Самгин коснулся его локтя магическим жезлом, - матрос обернулся и
закричал, как знакомому:
- Ага, фокусник! Пожалуйте...
- Не фокусник - маг, - внушительно поправил кто-то.
- Примите мое презрение, - мрачным голосом сказал Самгин.
Цветным шариком каталась, подпрыгивала Любаша, одетая деревенской
девицей, комически грубо раскрасив круглое лицо свое; она толкала
людей, громко шмыгала носом и покрикивала:
- Иде тут который мой миленок?
Самгин шагал среди танцующих, мешая им, с упорством близорукого
рассматривая ряженых, и сердился на себя за то, что выбрал неудобный
костюм, в котором путаются ноги. Среди ряженых он узнал Гогина,
одетого оперным Фаустом; клоун, которого он ведет под руку, вероятно,
Татьяна. Длинный арлекин, зачем-то надевший рыжий парик и шляпу
итальянского бандита, толкнул Самгина, схватил его за плечо и тихонько
извинился:
- Извините, предрассудок! Ведь вы - предрассудок, да?

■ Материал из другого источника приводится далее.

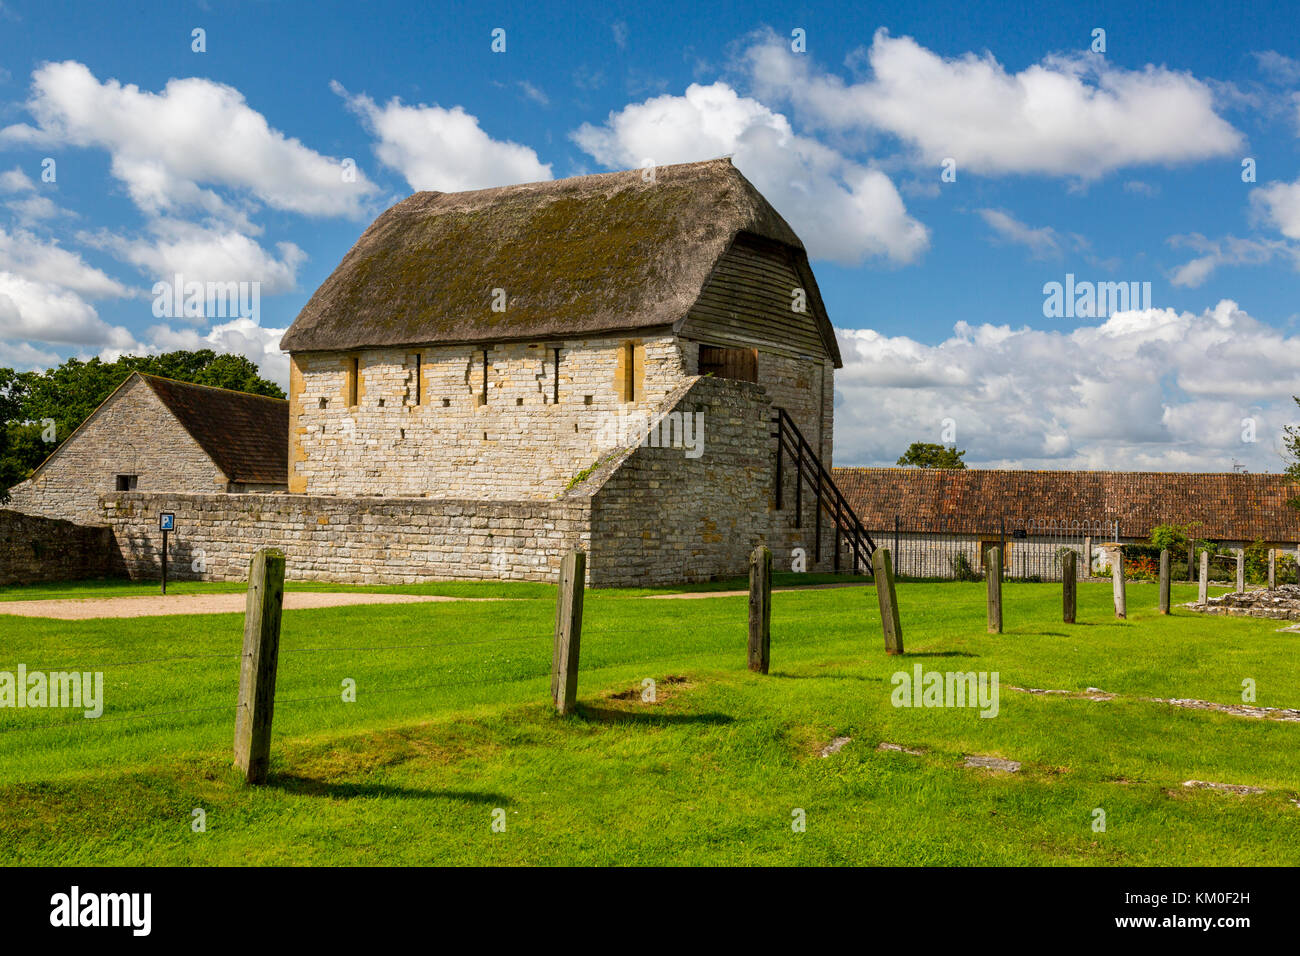 Die reredorter (mittelalterliche Toilette Gebäude) der ehemaligen Benediktinerabtei in Muchelney, Somerset, England, Großbritannien Stockfoto

Самгин молча отстранил его. На подоконнике сидел, покуривая, большой
человек в полумаске, с широкой, фальшивой бородой; на нем костюм
средневекового цехового мастера, кожаный передник; это делало его
очень заметным среди пестрых фигур. Когда кончили танцевать и китаец
бережно усадил Варвару на стул, человек этот нагнулся к ней и,
придерживая бороду, сказал:
- С такими глазами вам, русалка, надо бы жить не в воде, а в огне,
например - в аду.
- Ад - в душе у меня, и я не русалка, а - дриада...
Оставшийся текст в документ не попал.